Foreign Minister Vartan Oskanian appeared on Wednesday buoyed by his talks with Turkish leaders in Istanbul this week, saying that he found a “sincere desire” to improve the historically strained relations with Armenia. But he indicated that the long-awaited opening of the Turkish-Armenian border is still not in the offing.

Oskanian met with Turkey’s Foreign Minister Abdullah Gul and had an impromptu 10-minute encounter with Prime Minister Recep Tayyip Erdogan on the sidelines of a NATO summit which finished its work on Tuesday. He described his brief conversation with Erdogan as “quite interesting.”

“It confirmed my impression…that the Turkish government really has a sincere desire to achieve progress in relations with Armenia,” Oskanian told a news conference in Yerevan.

Erdogan’s Islamist-leaning cabinet, Oskanian continued, is more willing to soften Turkish policy on Armenia than its more pro-Western predecessors were. “There is really a difference. This government does have a desire [to normalize ties], it’s just that conditions are not yet ripe,” he said, referring to the possibility of Turkey lifting its economic embargo imposed on Armenia in 1993.

Ankara signaled throughout last year its intention to stop linking bilateral ties to the resolution of the Nagorno-Karabakh conflict and reopen the border only to reaffirm its traditional policy under apparent Azerbaijani pressure earlier this year. President Robert Kocharian decided to steer clear of the NATO summit in Istanbul in an indication of his administration’s frustration with the perceived Turkish intransigence.

The Erdogan government now seems anxious to find a solution that would be acceptable to both Armenia and Azerbaijan. Political observers view Monday’s separate trilateral meeting between Oskanian, Gul and Azerbaijani Foreign Minister Elmar Mamedyarov as part of that effort.

Speaking at a news conference on Tuesday, Erdogan welcomed such talks. “We hope that this process will continue and pick up speed and that we will reach a solution here as well based on the concept of win-win,” he said.

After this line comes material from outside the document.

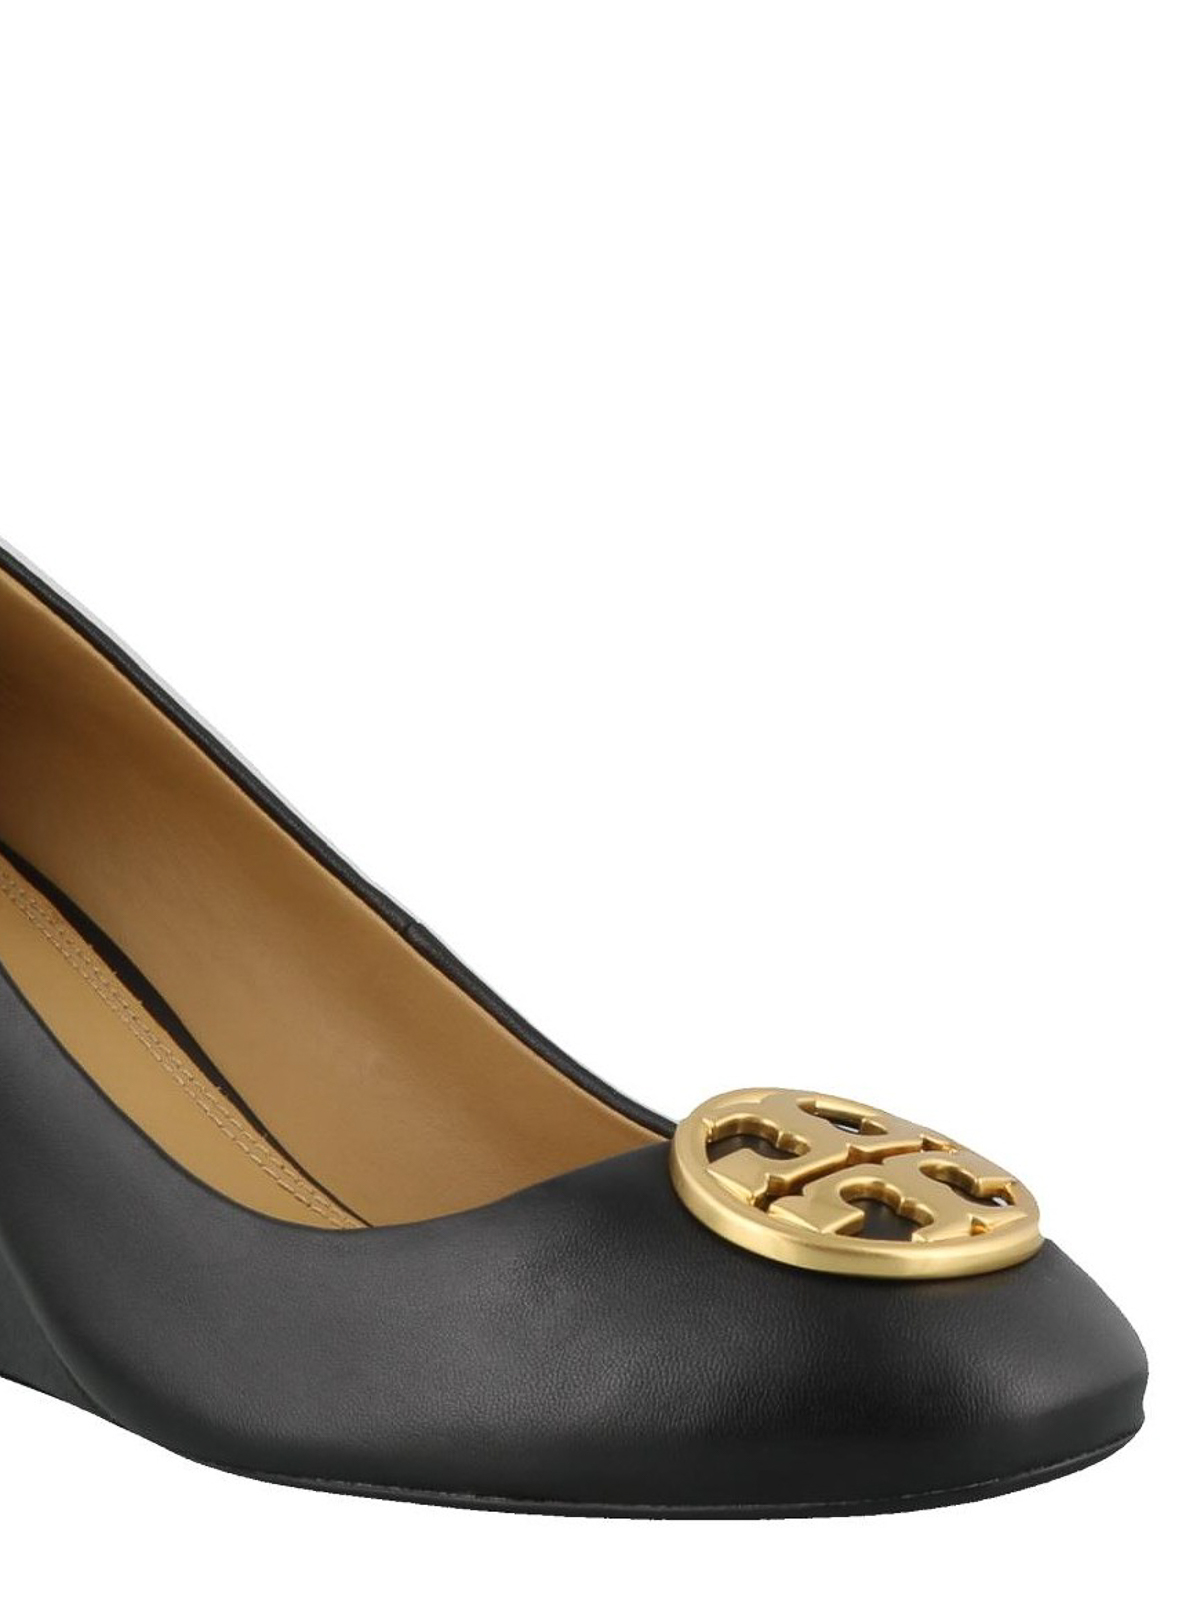 Court shoes Tory Burch - Chelsea leather wedge pumps - 45899006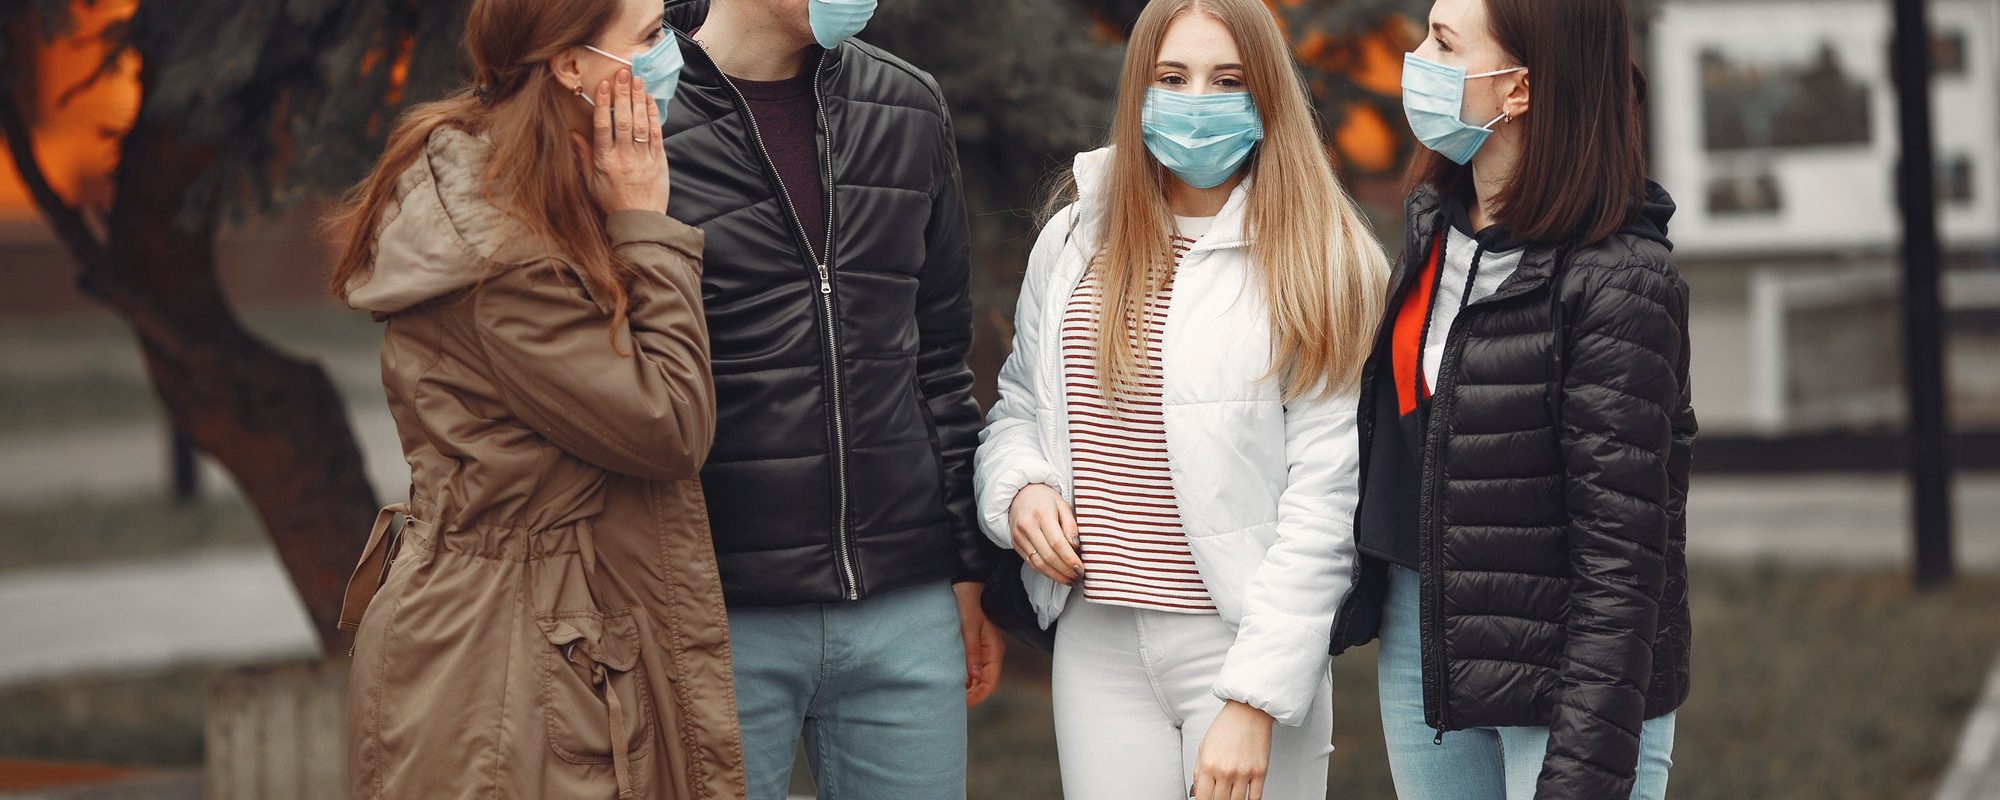 Young people are spreading disposable masks outside

“We saw the sides had a positive approach,” the Turkish premier added. “Hope, however, is not sufficient. What is sufficient is to get results. At the moment we are in the phase of wishes. We see that they are determined to achieve results. We are saying that one should continue on this path.”

Oskanian confirmed that both Karabakh and the border issue were high on the agenda of the trilateral meeting. But he made it clear Turkey can not become a full-fledged mediator in the Karabakh peace talks because of its staunchly pro-Azerbaijani line. “Turkey understands very well that it can not act as a mediator because its policy is one-sided and tilted towards Azerbaijan,” he said.

In a related development, Azerbaijan’s President Ilham Aliev launched renewed verbal attacks on the Armenian side, addressing the NATO summit on Tuesday. “Azerbaijan will not compromise on its territorial integrity and sovereignty,” he said, describing the Armenian-populated territory as a “constant threat to security and stability in the South Caucasus.”